__TASK INSTRUCTIONS__:
Would you reproduce each line below exactly, leaving every picture out?

__RECORDED INFORMATION__:
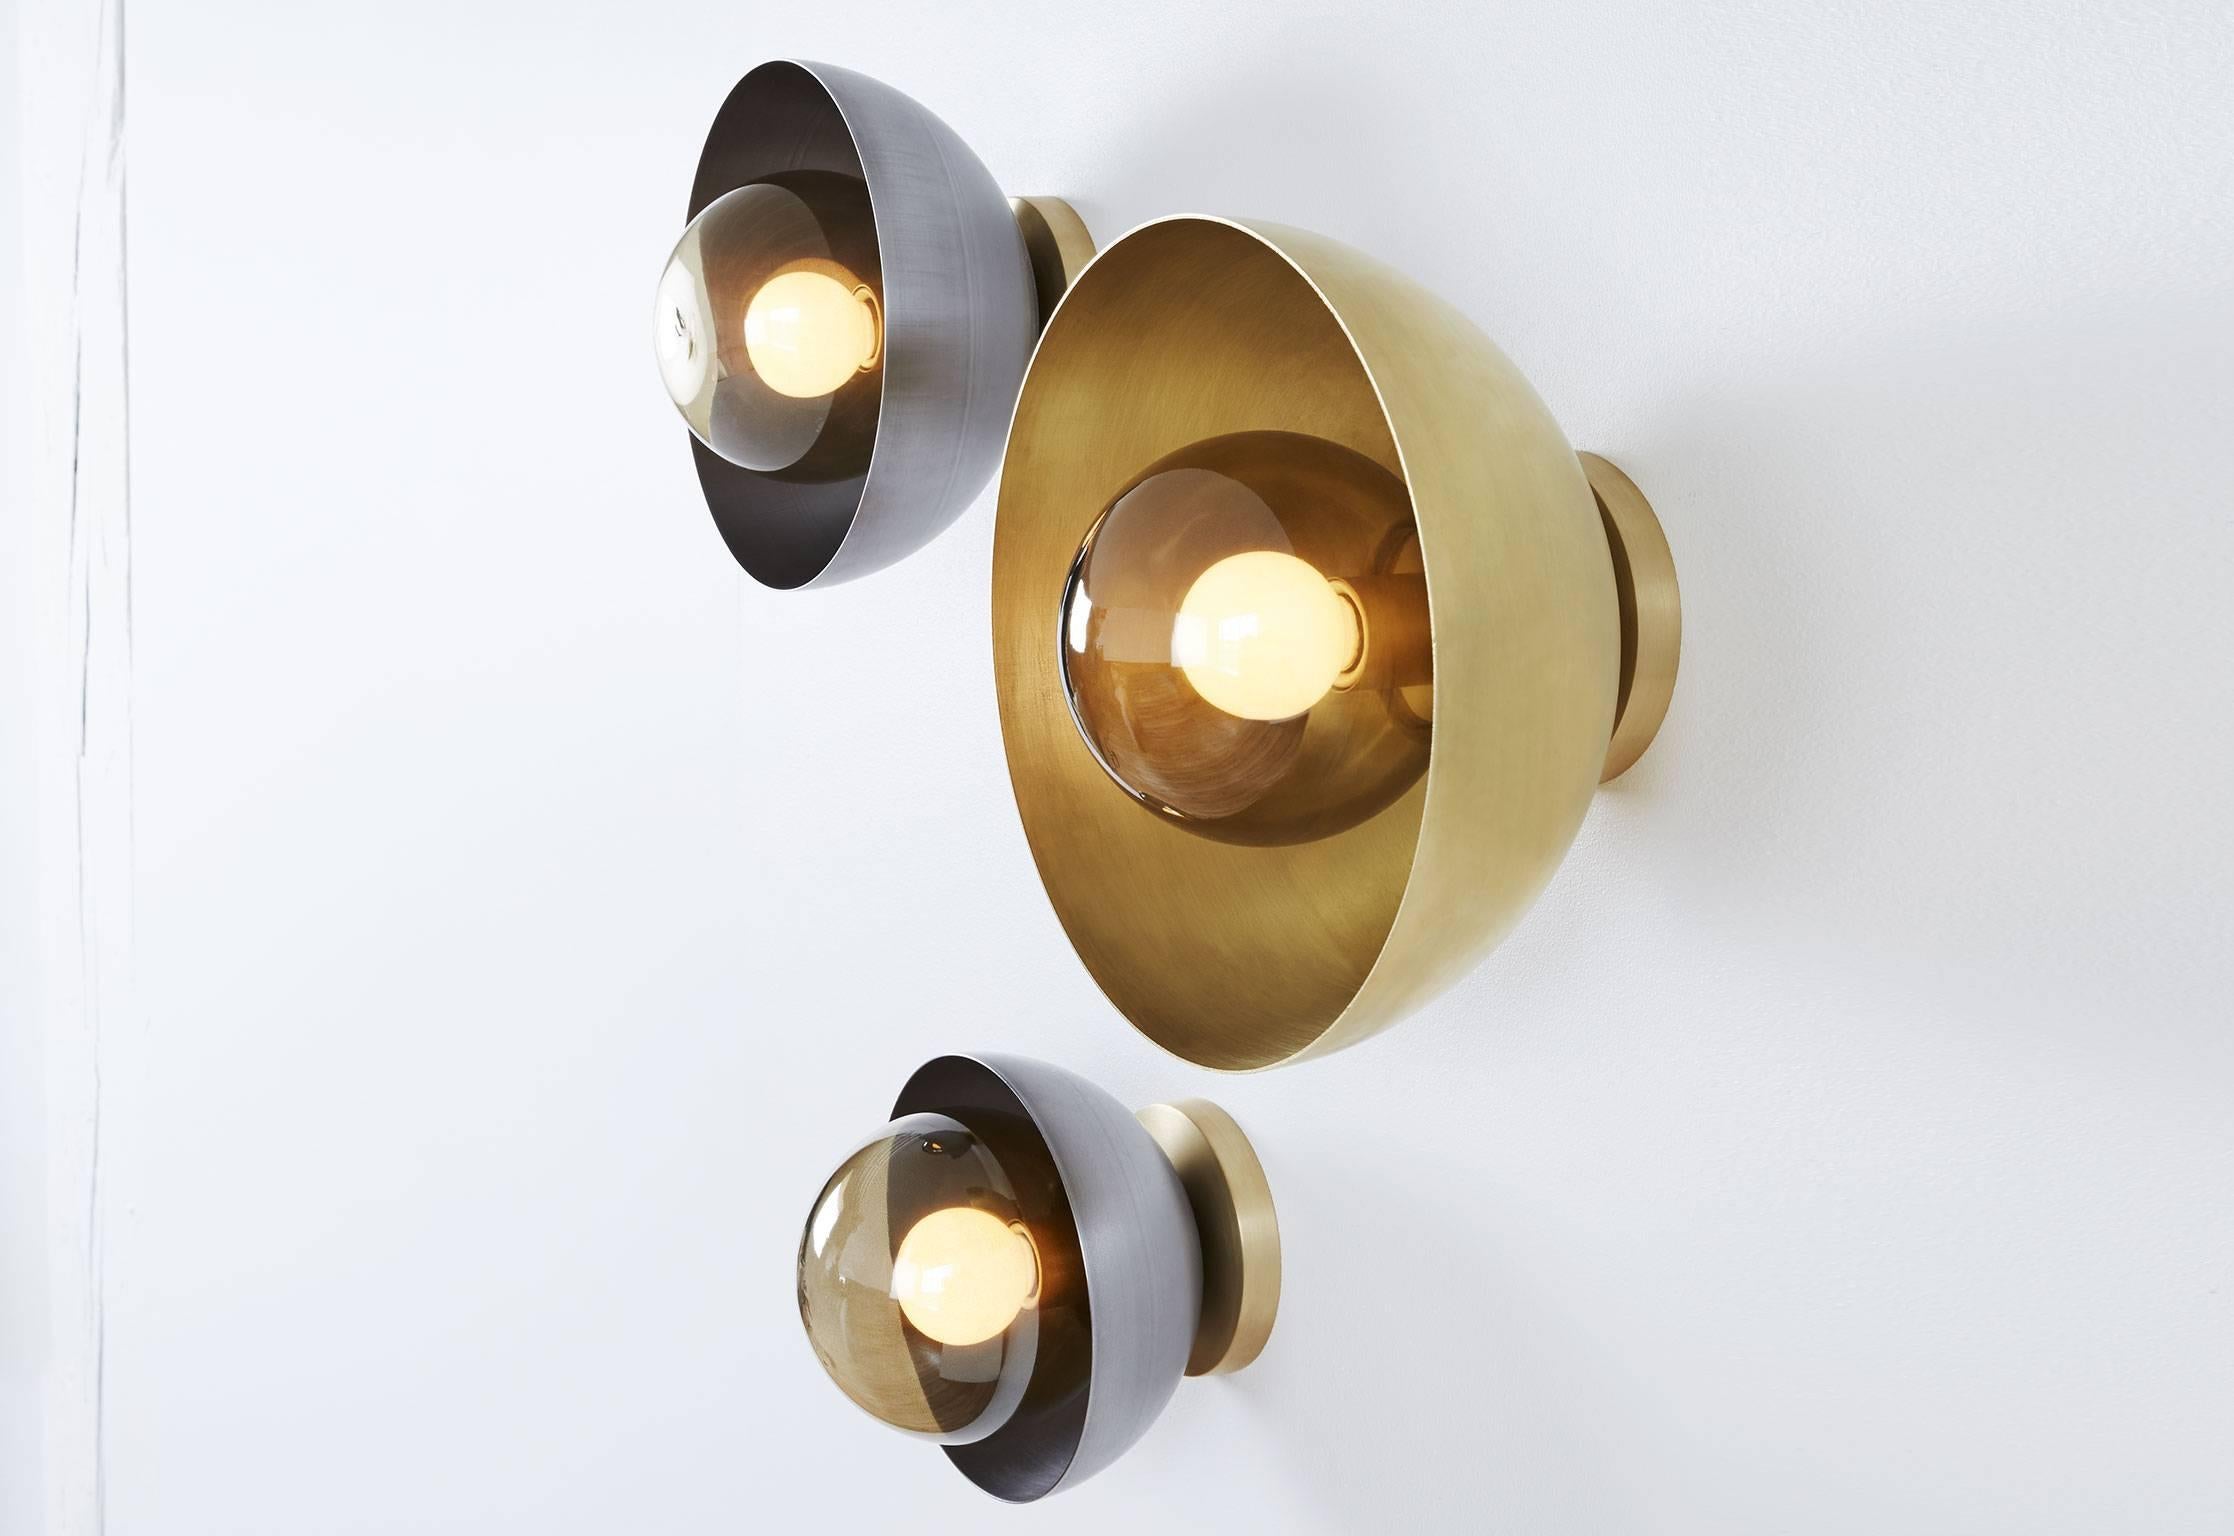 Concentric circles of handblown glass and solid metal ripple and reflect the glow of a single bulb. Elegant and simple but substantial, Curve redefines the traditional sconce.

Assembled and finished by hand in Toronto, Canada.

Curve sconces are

__RESPONSE BOX__:
 Concentric circles of handblown glass and solid metal ripple and reflect the glow of a single bulb. Elegant and simple but substantial, Curve redefines the traditional sconce.

Assembled and finished by hand in Toronto, Canada.

Curve sconces are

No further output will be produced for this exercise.